Dataset items:
|---|

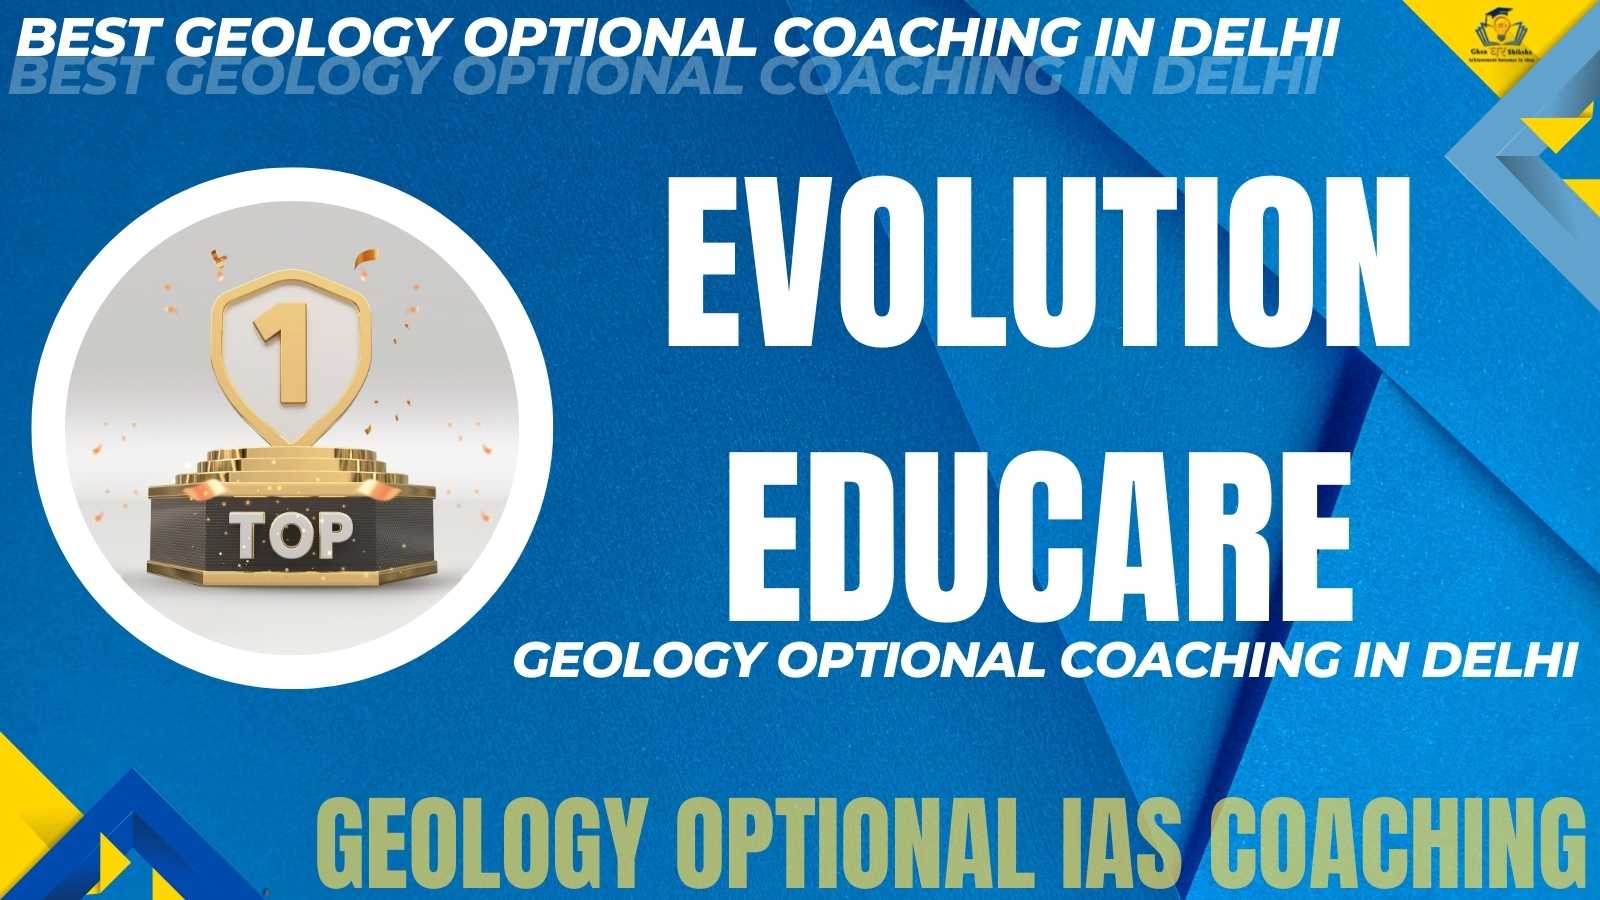 Top Geology Optional Coaching of Delhi
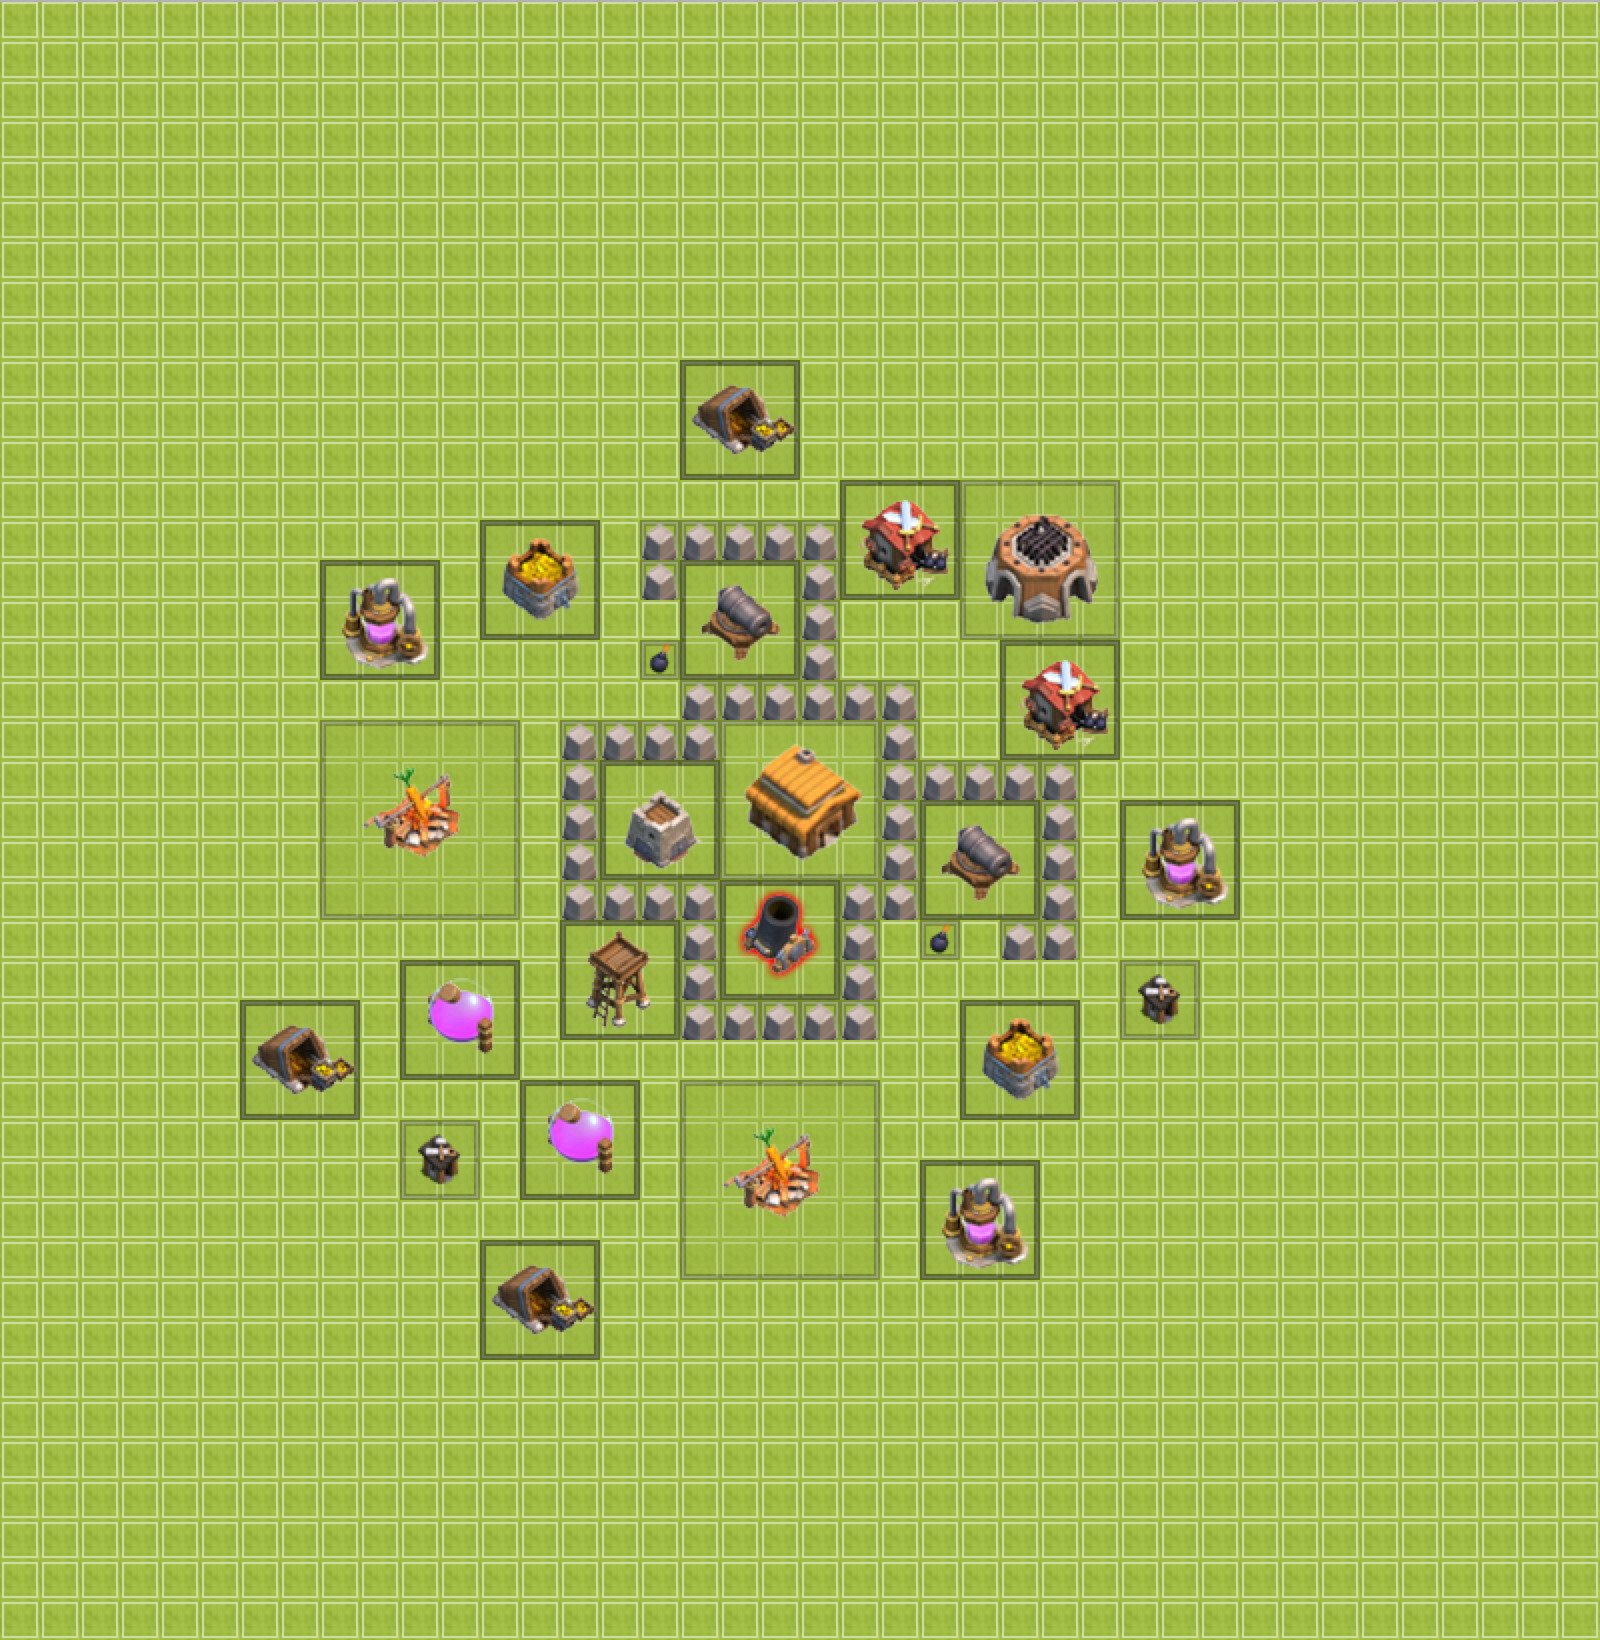 Defense (Trophy) Base TH3 - plan / layout / design - Clash of Clans, #4.
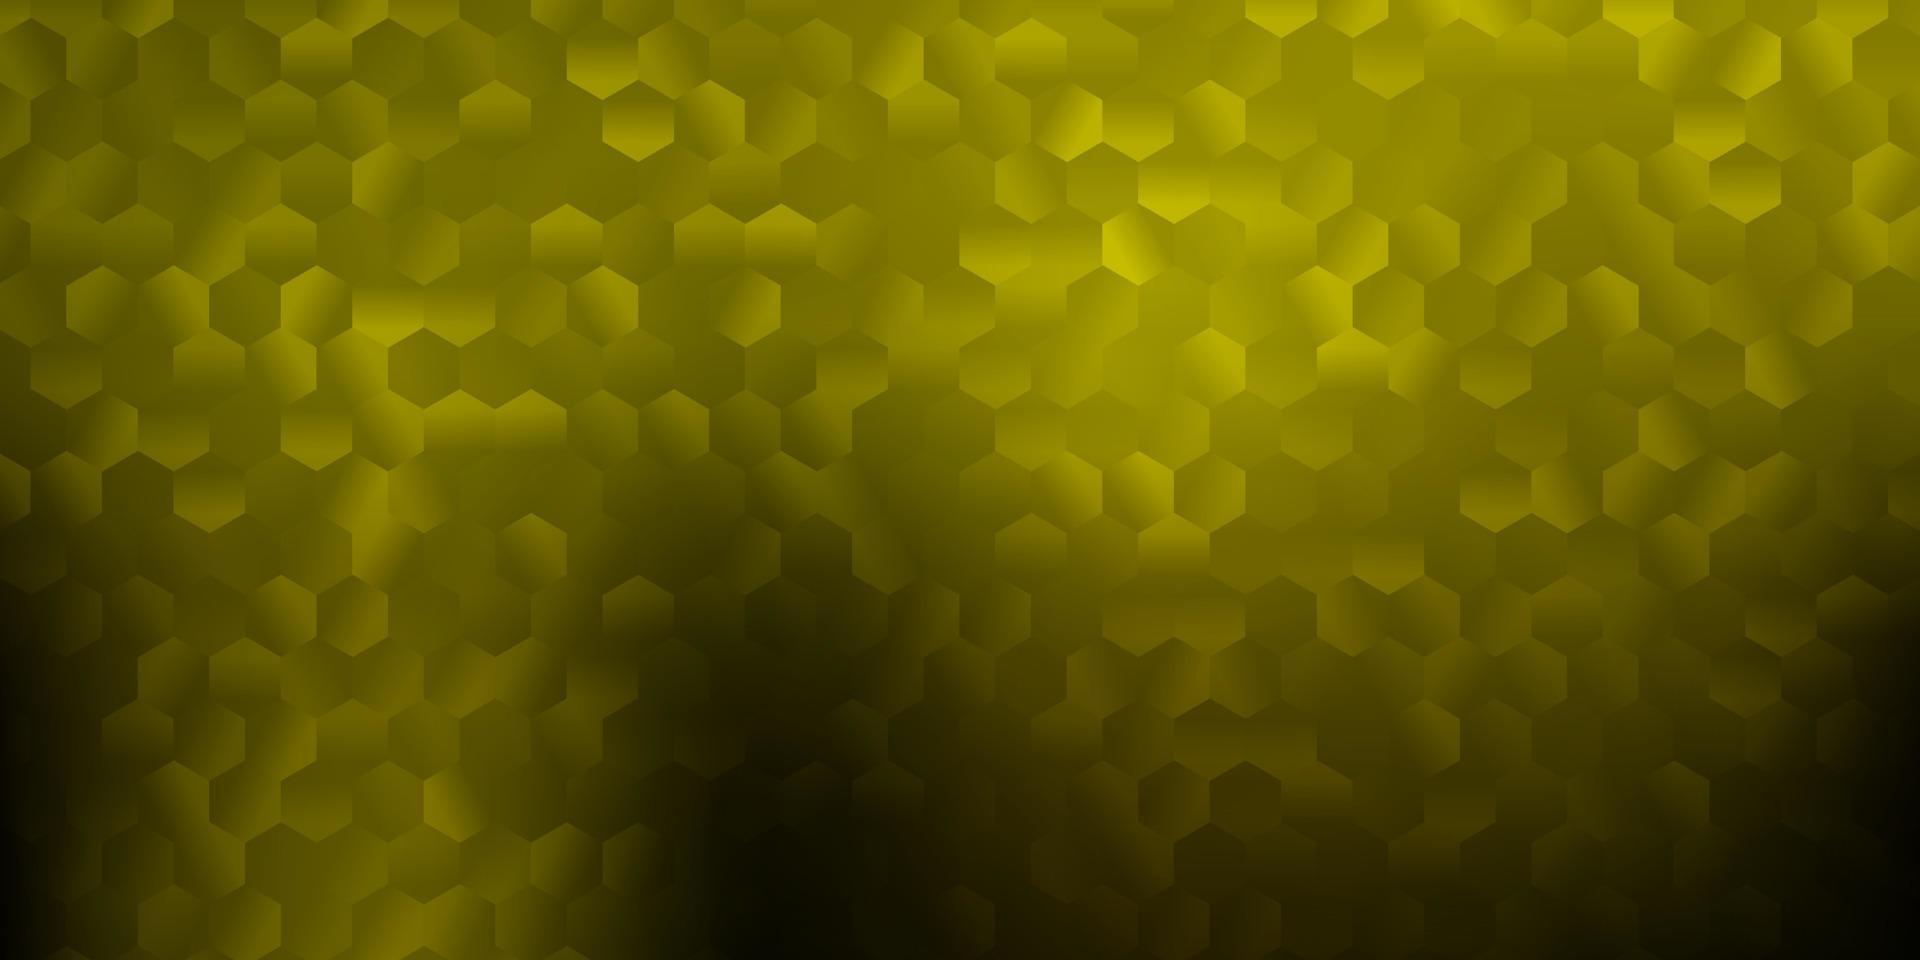 textura de vector verde oscuro, amarillo con hexágonos de colores.
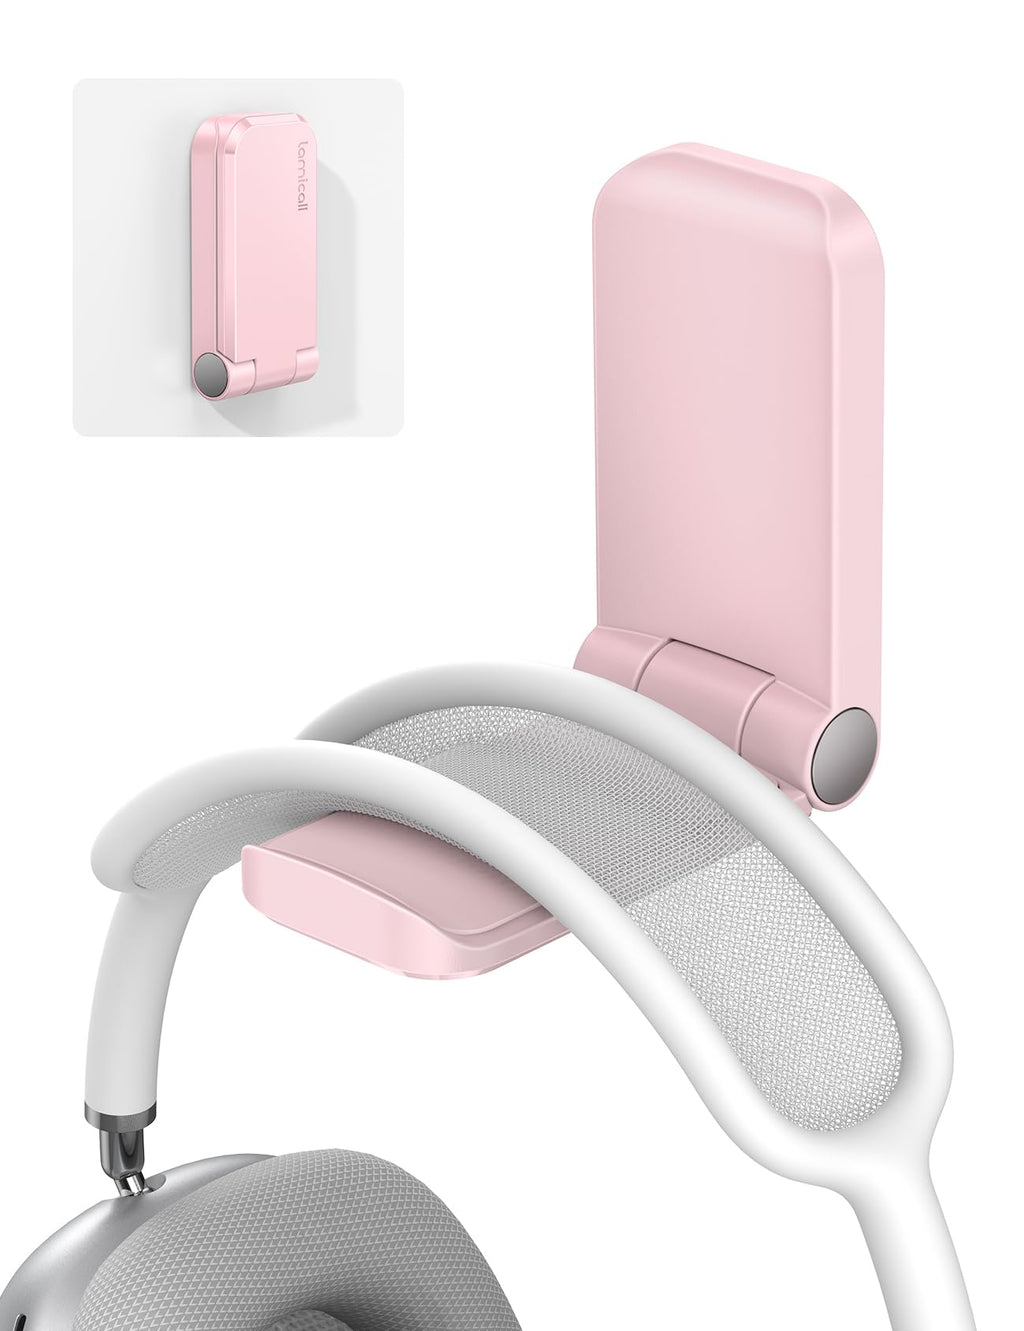  [AUSTRALIA] - Lamicall Headphone Stand, Sticky Headset Hanger - Adhesive Headphone Holder Hook Mount, Headset Stand Holder Clip Under Desk, Earphone Clamp for Airpods Max, HyperX, Sennheiser, Pink
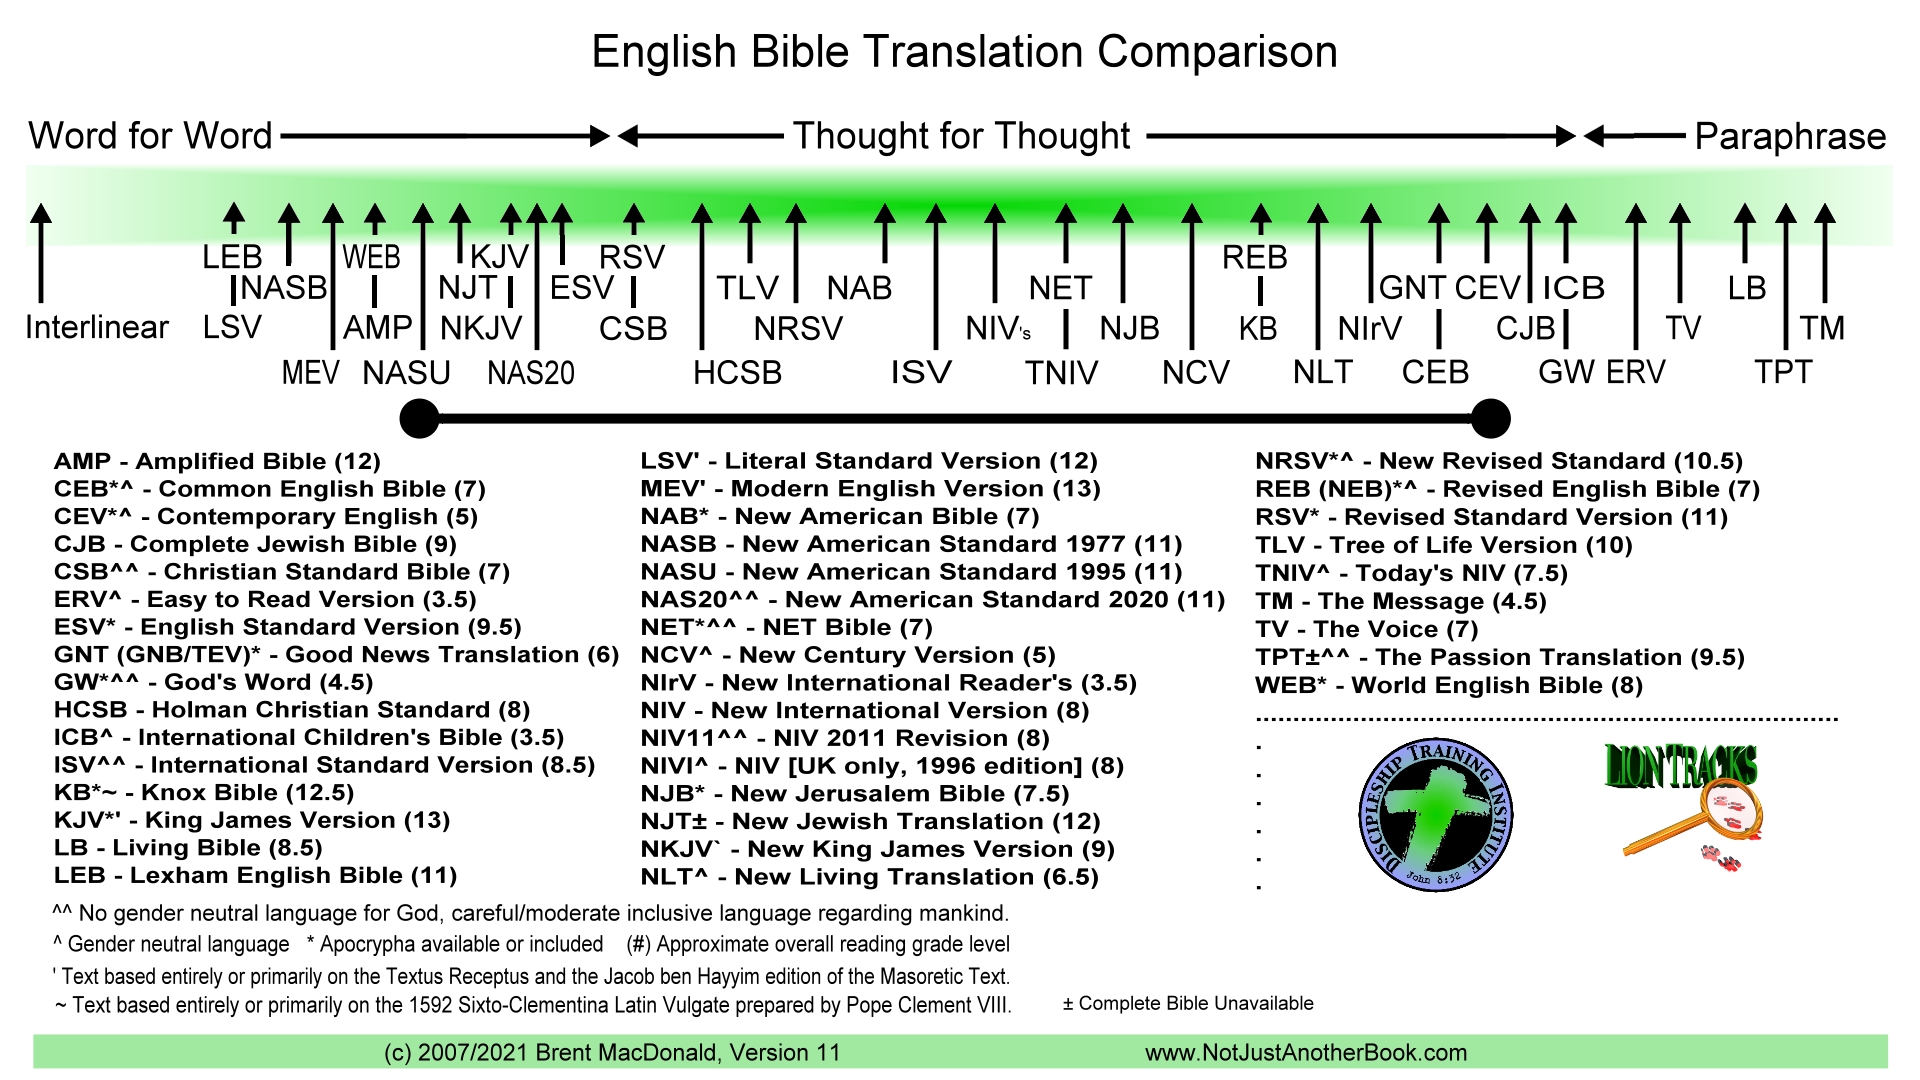 English Bible Translations Family Tree

|---|

▶ _Activity_
Starting at the line with "textura de vector", write out every line exactly through the final line of the records above, both included, and skip the pictures.

▶ _Completed task_
 textura de vector verde oscuro, amarillo con hexágonos de colores.
  [AUSTRALIA] - Lamicall Headphone Stand, Sticky Headset Hanger - Adhesive Headphone Holder Hook Mount, Headset Stand Holder Clip Under Desk, Earphone Clamp for Airpods Max, HyperX, Sennheiser, Pink
 English Bible Translations Family Tree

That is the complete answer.